■ **Brief**
Give back exactly the lines of the data below, starting with the line that has "魂のかわや盗撮62連発! 中腰でオマンコパカァ~ 44発目!" and going on through the line that has "Projektowanie i analiza".

■ **Excerpted data**
================
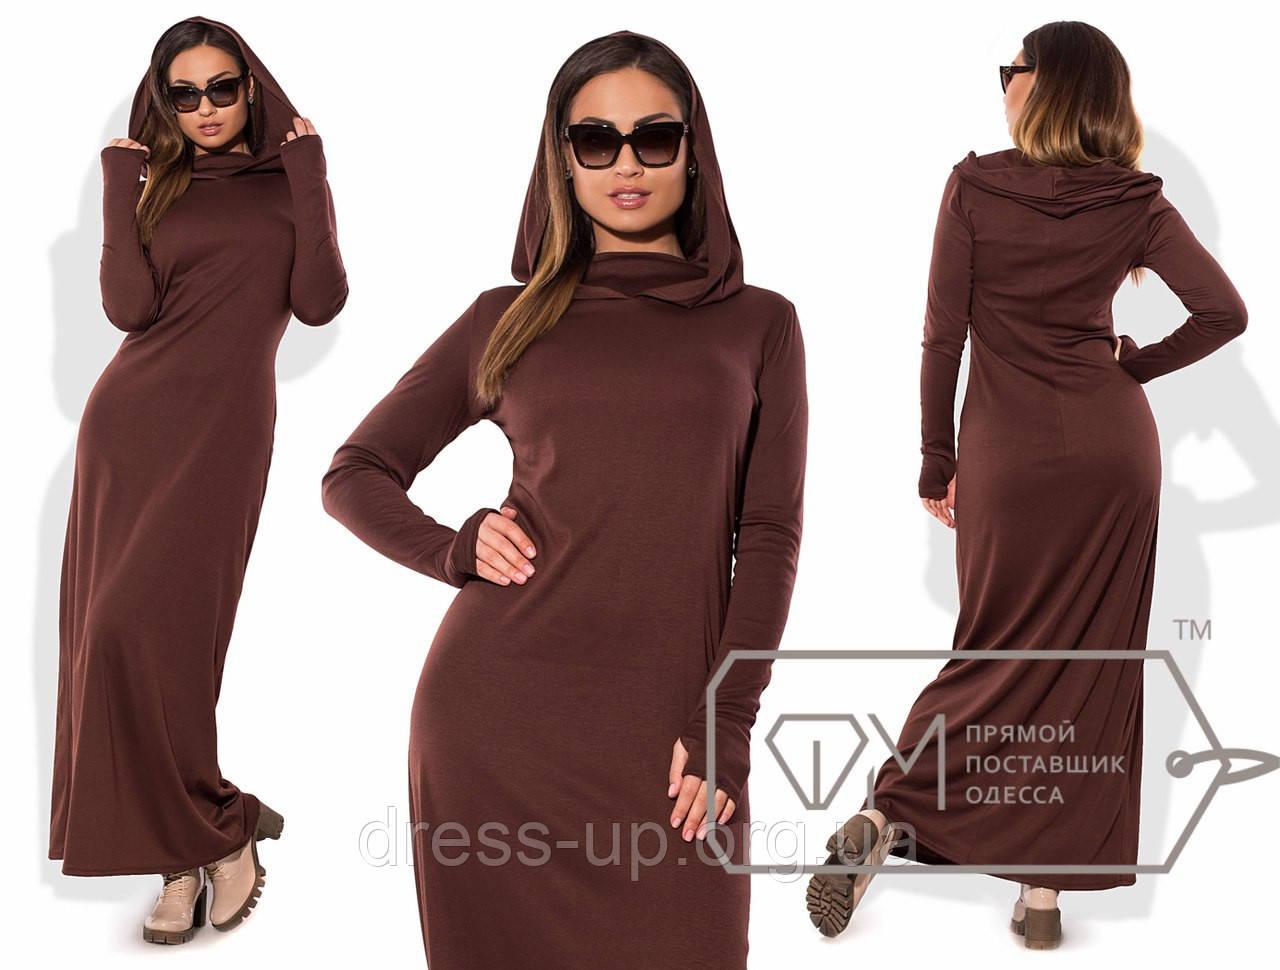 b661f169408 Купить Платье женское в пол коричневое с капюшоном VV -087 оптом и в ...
================
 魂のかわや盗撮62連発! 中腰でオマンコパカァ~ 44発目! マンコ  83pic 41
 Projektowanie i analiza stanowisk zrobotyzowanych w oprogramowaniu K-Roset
================
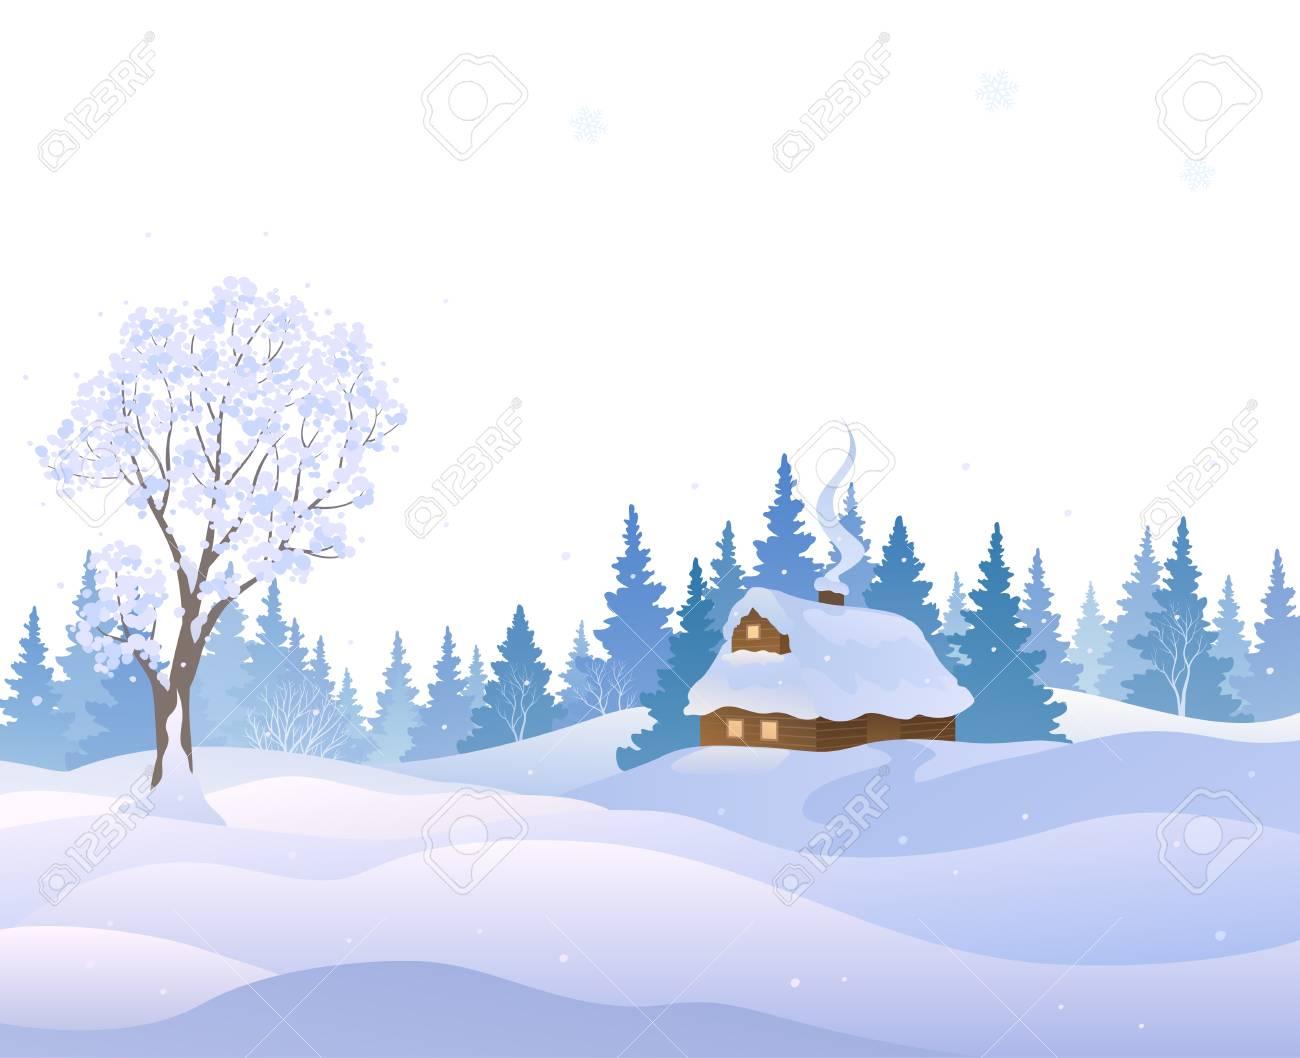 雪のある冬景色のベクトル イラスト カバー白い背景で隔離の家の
================
■ **Task solution**
 魂のかわや盗撮62連発! 中腰でオマンコパカァ~ 44発目! マンコ  83pic 41
 Projektowanie i analiza stanowisk zrobotyzowanych w oprogramowaniu K-Roset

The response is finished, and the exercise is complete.